The 51st Bombardment Squadron is an inactive United States Air Force unit. It was last assigned to the 68th Bombardment Wing at Seymour Johnson Air Force Base, North Carolina, where it was inactivated on 30 September 1982.

The squadron was first activated in 1947 in the reserve as the 51st Reconnaissance Squadron. It does not appear to have been fully manned or equipped before it was inactivated in the 1949 military budget cuts. It was reactivated as part of Strategic Air Command as the 68th Strategic Reconnaissance Squadron, but soon converted to the strategic bomber mission. It continued this mission with Boeing B-47 Stratojets and Boeing B-52 Stratofortresses until inactivating 30 years later.

==History==
===Air Force reserve===
The activated in the reserve in 1947 as the 51st Reconnaissance Squadron, a Continental Air Command weather reconnaissance squadron at Hamilton AFB. It later flew long-range strategic reconnaissance flights. The squadron was later inactivated in 1949 a result of budget reductions.

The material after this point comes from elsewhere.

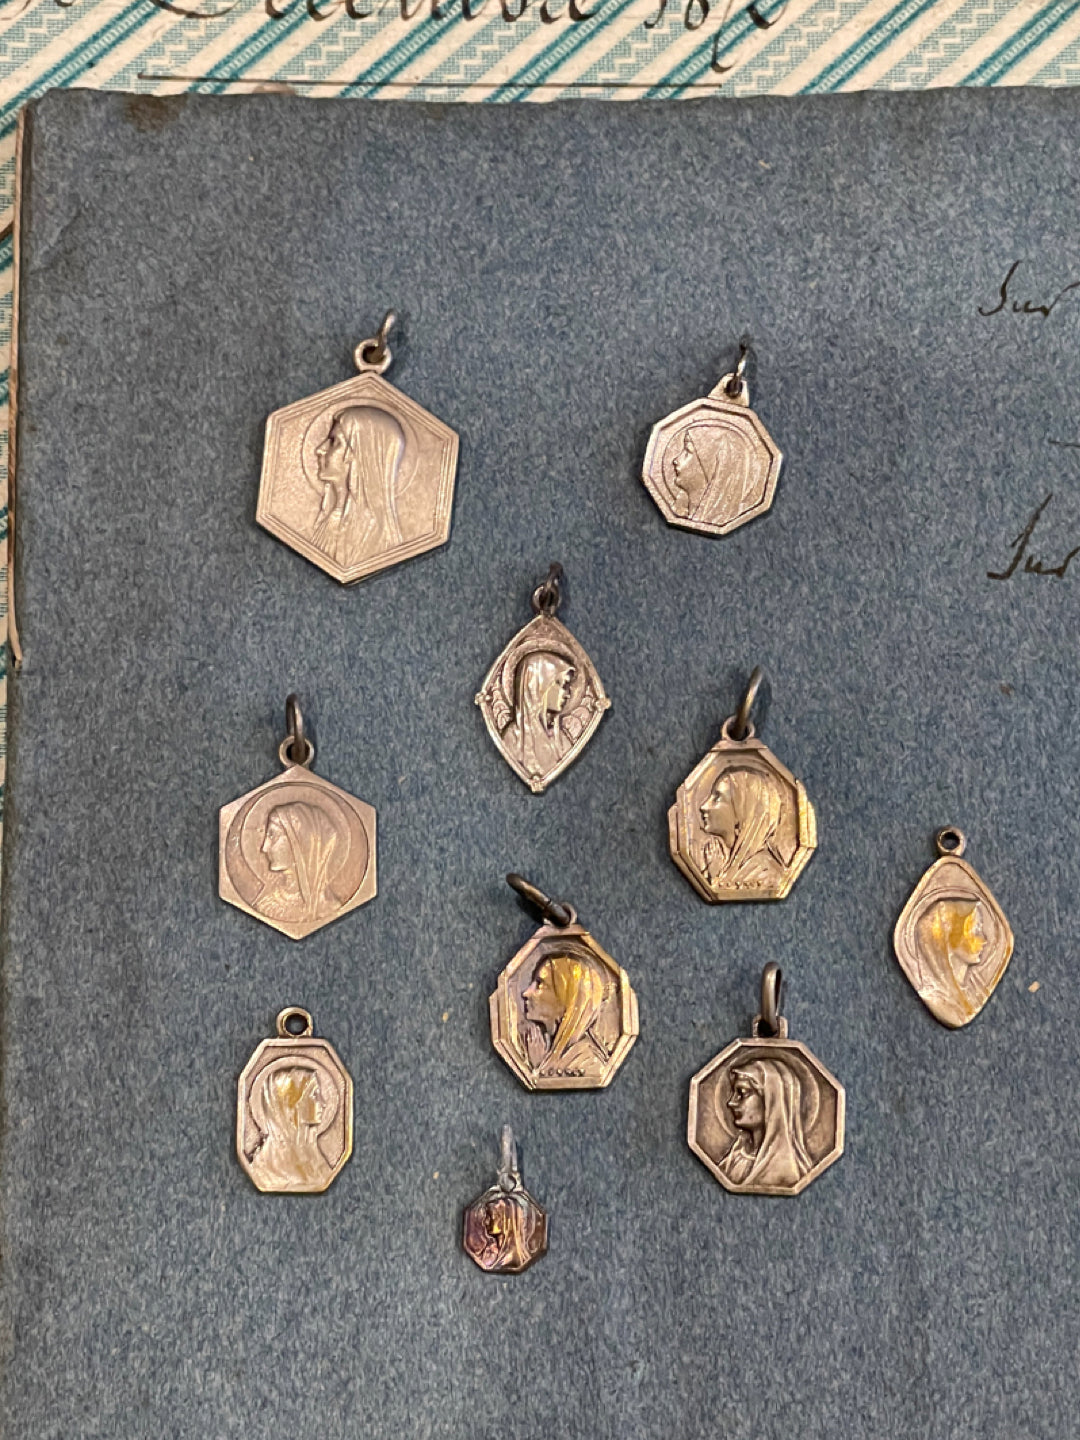 Original Vintage Medals from France - RM16

===Strategic Air Command===
====Chennault Air Force Base====
It was reactivated in 1951 as a Strategic Reconnaissance squadron; however it had few personnel. The squadron received second-line RB-29 Superfortresses in May 1952, remaining in a second-line status with this equipment until 1953 when the squadron was brought up to full personnel strength and received new B-47 Stratojet bombers. Becoming operationally ready with the B-47 in May 1954, the 51 Bombardment squadron conducted strategic bombardment training and air refueling to meet SAC's global commitments. The B-47s were reassigned in late 1962 from Chennault AFB when it was decided close the base and the squadron placed on inactive status.

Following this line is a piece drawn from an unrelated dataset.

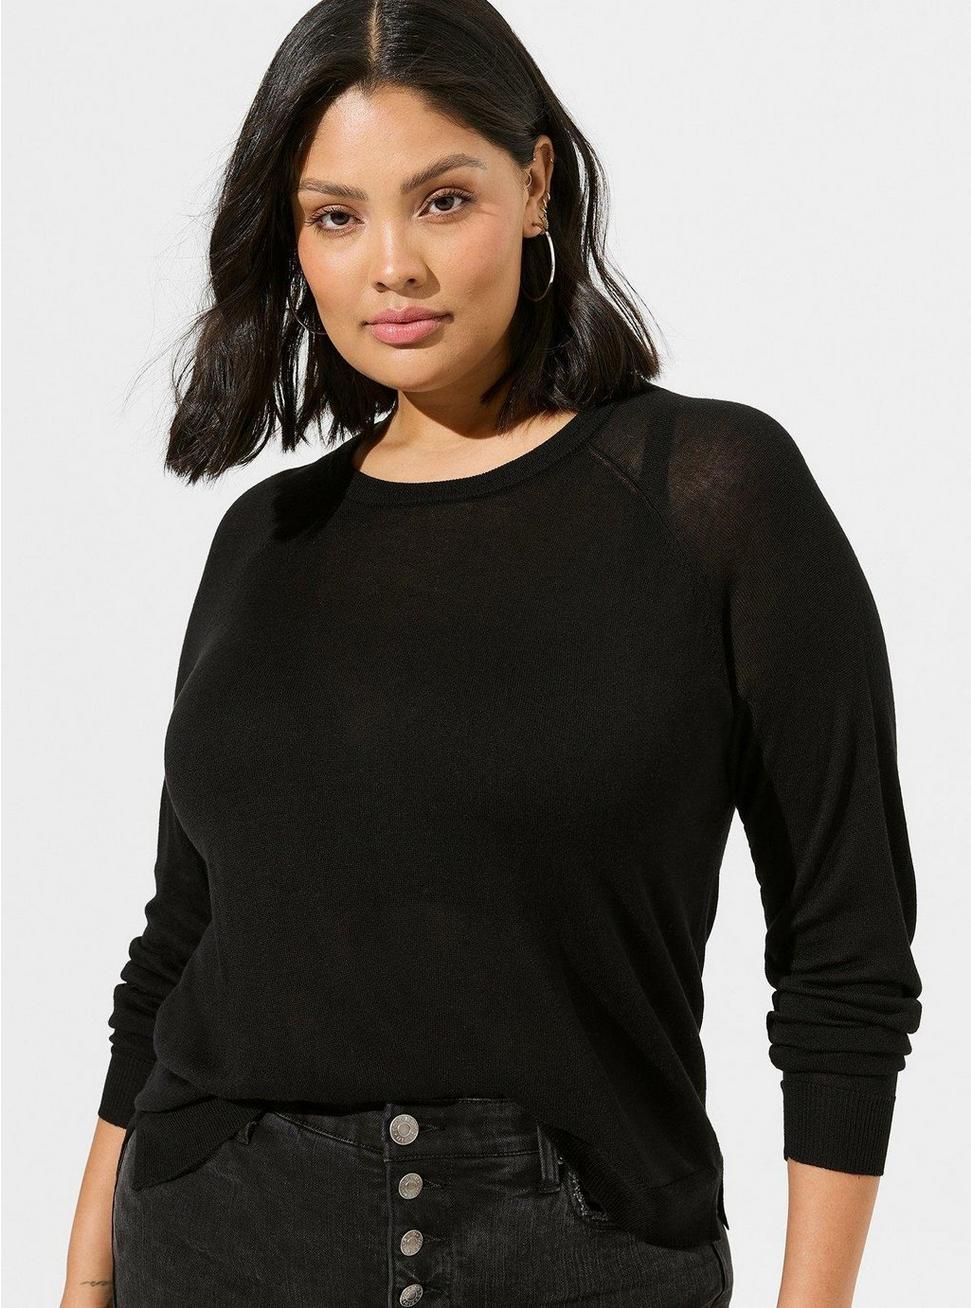 Tissue Weight Pullover Raglan Crop Sweater, DEEP BLACK, hi-res

====Seymour Johnson Air Force Base====
It was reorganized on 15 Apr 1963 as a B-52G Stratofortress squadron, receiving equipment and personnel from the inactivating 73d Bombardment Squadron. The squadron conducted strategic bombardment training and global refueling operations to meet SAC commitments. Aircraft, most aircrews and maintenance personnel, and other support personnel were loaned to other SAC units for combat operations in Southeast Asia, 27 May 1972 – 15 July 1973.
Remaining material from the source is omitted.